# Integration

• Dec 2nd 2006, 06:24 AM
ron007
Integration
I did this exercise but the book answer was =x-e^-x+c. And mine was
= -x-e^-x+c. Thanks for ur help.
• Dec 2nd 2006, 07:00 AM
CaptainBlack
Quote:

Originally Posted by ron007
I did this exercise but the book answer was =x-e^-x+c. And mine was
= -x-e^-x+c. Thanks for ur help.

$\int \frac{e^x+1}{e^x}dx=\int (1+e^{-x}) dx =x - e^{-x}+Const$

As a check you can try differentiation this and your solution

RonL
• Dec 2nd 2006, 07:17 AM
ron007
Quote:

Originally Posted by CaptainBlack
$\int \frac{e^x+1}{e^x}dx=\int (1+e^{-x}) dx =x - e^{-x}+Const$

As a check you can try differentiation this and your solution

RonL

Thanks. But can u show the process to see my error.
• Dec 2nd 2006, 07:51 AM
CaptainBlack
Quote:

Originally Posted by CaptainBlack
$\int \frac{e^x+1}{e^x}dx=\int (1+e^{-x}) dx =x - e^{-x}+Const$

As a check you can try differentiation this and your solution

RonL

Quote:

Originally Posted by ron007
Thanks. But can u show the process to see my error.

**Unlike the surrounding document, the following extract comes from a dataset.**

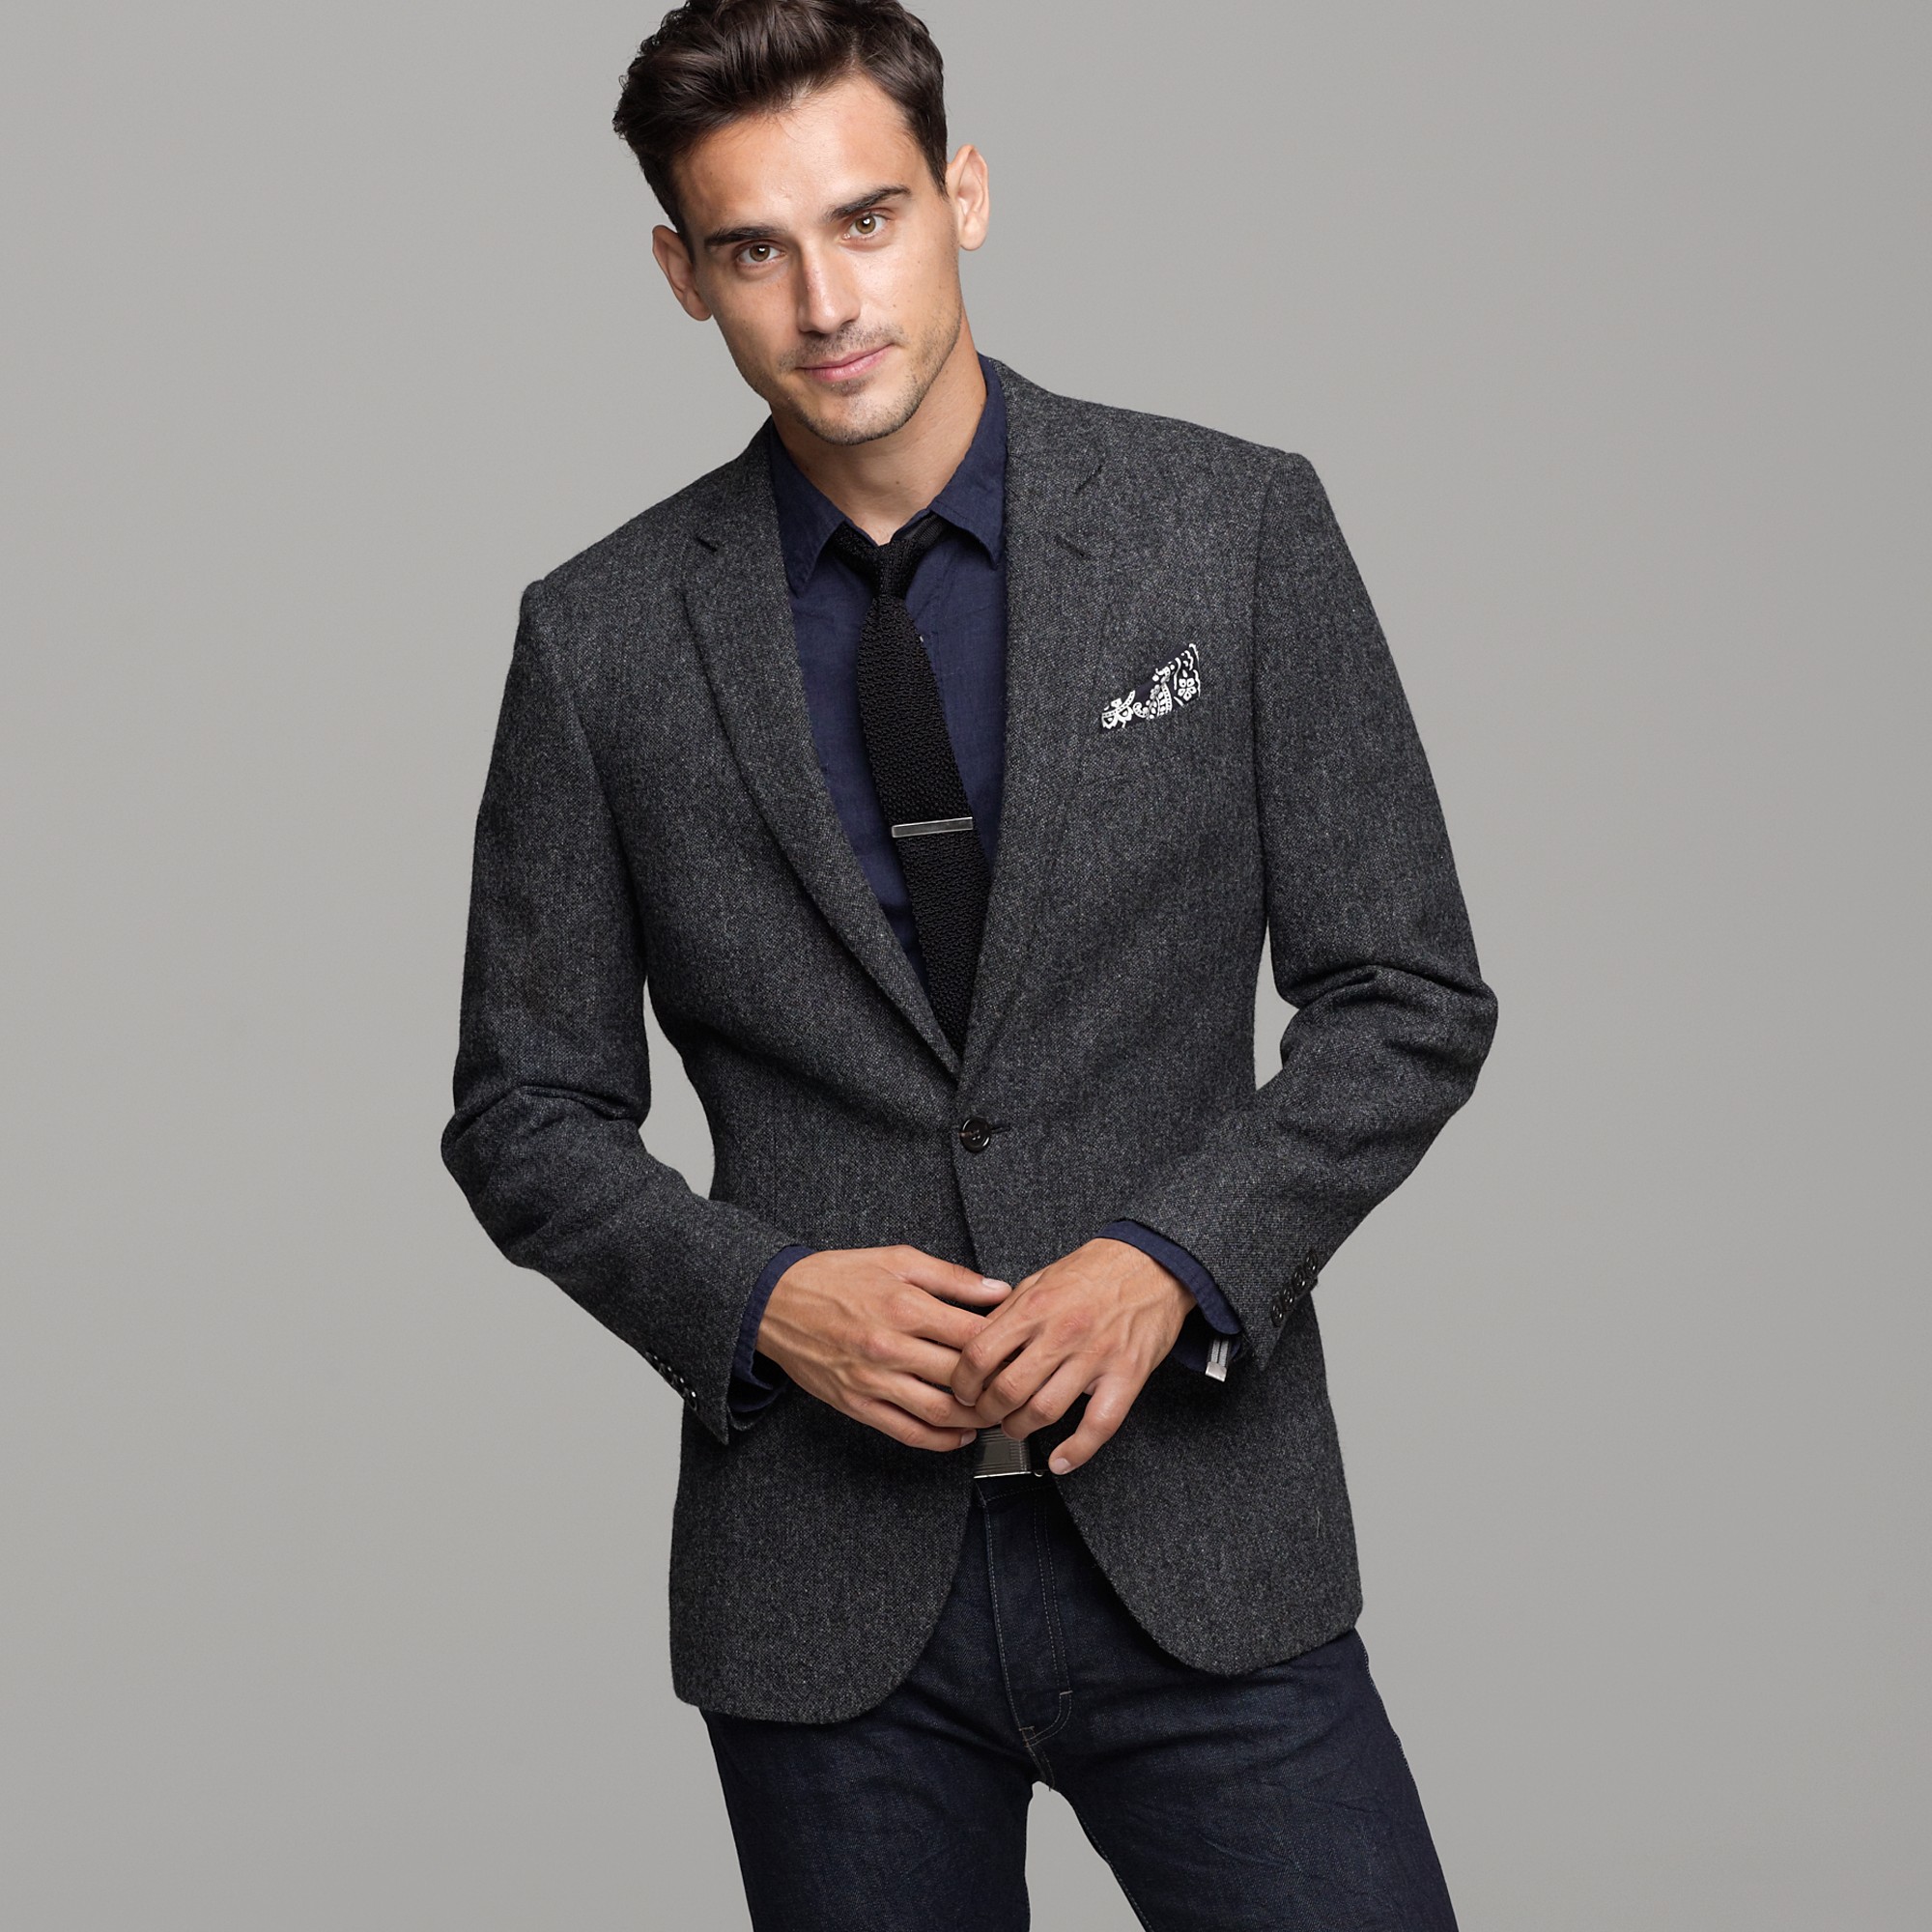 J.crew Ludlow Two-button Suit Jacket with Double-vented Back in Birds ...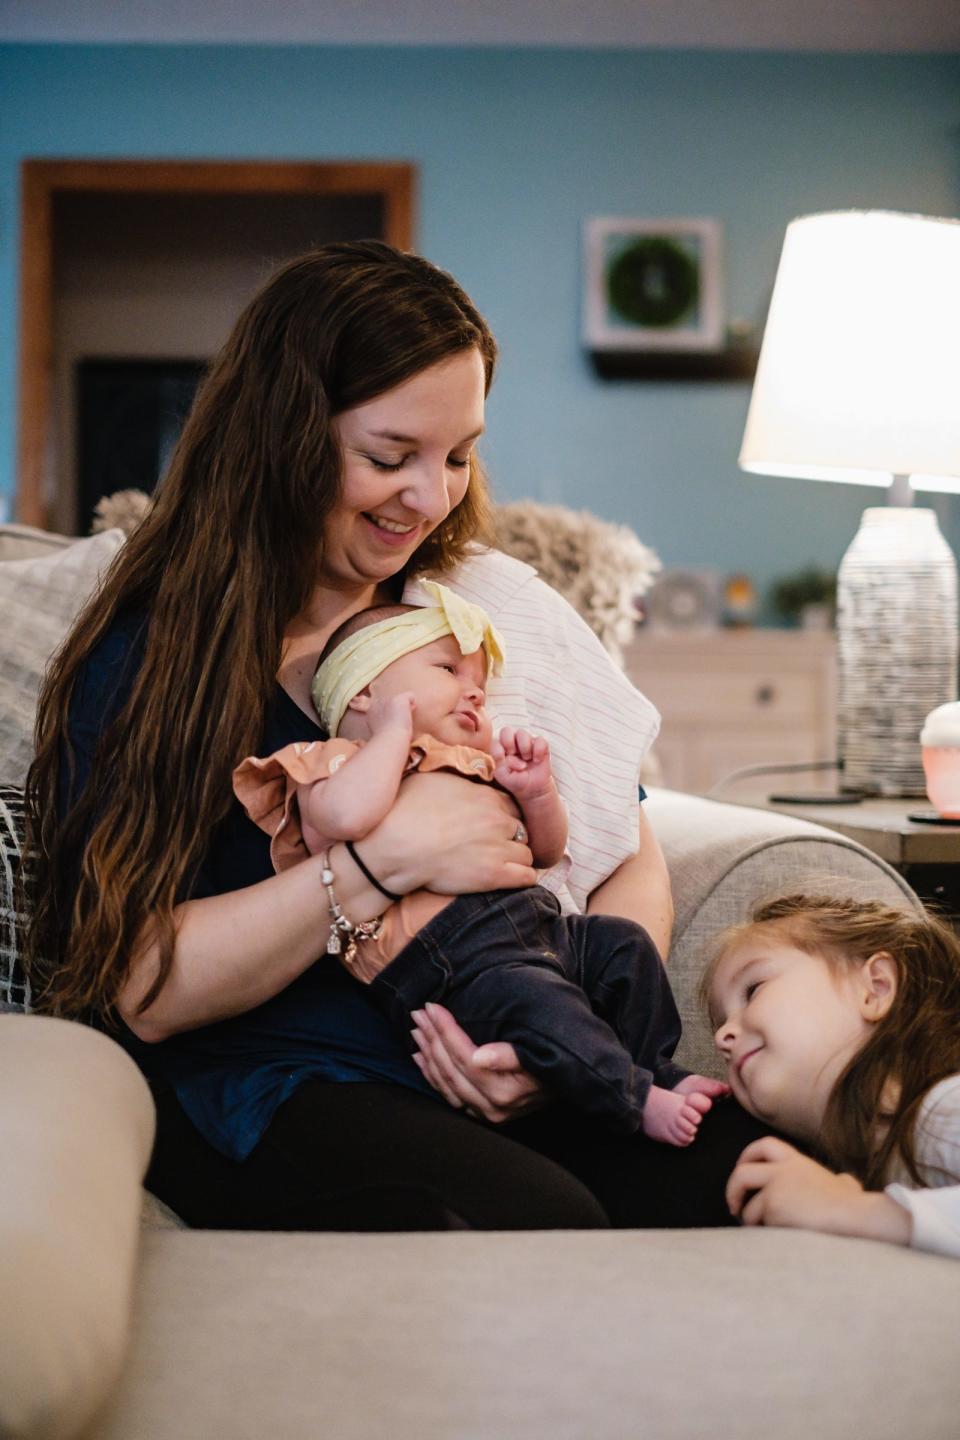 Alyssa Bostic holds 1-month-old daughter, Emryn, while 3-year-old Regan nuzzles her sister on Wednesday in the family's New Philadelphia home.

There is virtualy nothing to show:

] $\int \frac{e^x+1}{e^x}dx$

divide through by the $e^x$ in the denominator to get:

$\int \frac{e^x+1}{e^x}dx=\int 1 + \frac{1}{e^x}dx=\int (1+e^{-x}) dx$

Distribute the integral over the addition:

$\int \frac{e^x+1}{e^x}dx=\int (1+e^{-x}) dx = \int 1\ dx + \int e^{-x} dx$

But the two integrals on the right are both standard integrals:

$\int 1\ dx=x+C$

$\int e^{-x} dx = -e^{-x}+K$

so:

$\int \frac{e^x+1}{e^x}dx=\int (1+e^{-x}) dx = \int 1\ dx + \int e^{-x} dx=x-e^{-x}+Const$

RonL
• Dec 2nd 2006, 08:01 AM
ron007
Thanks...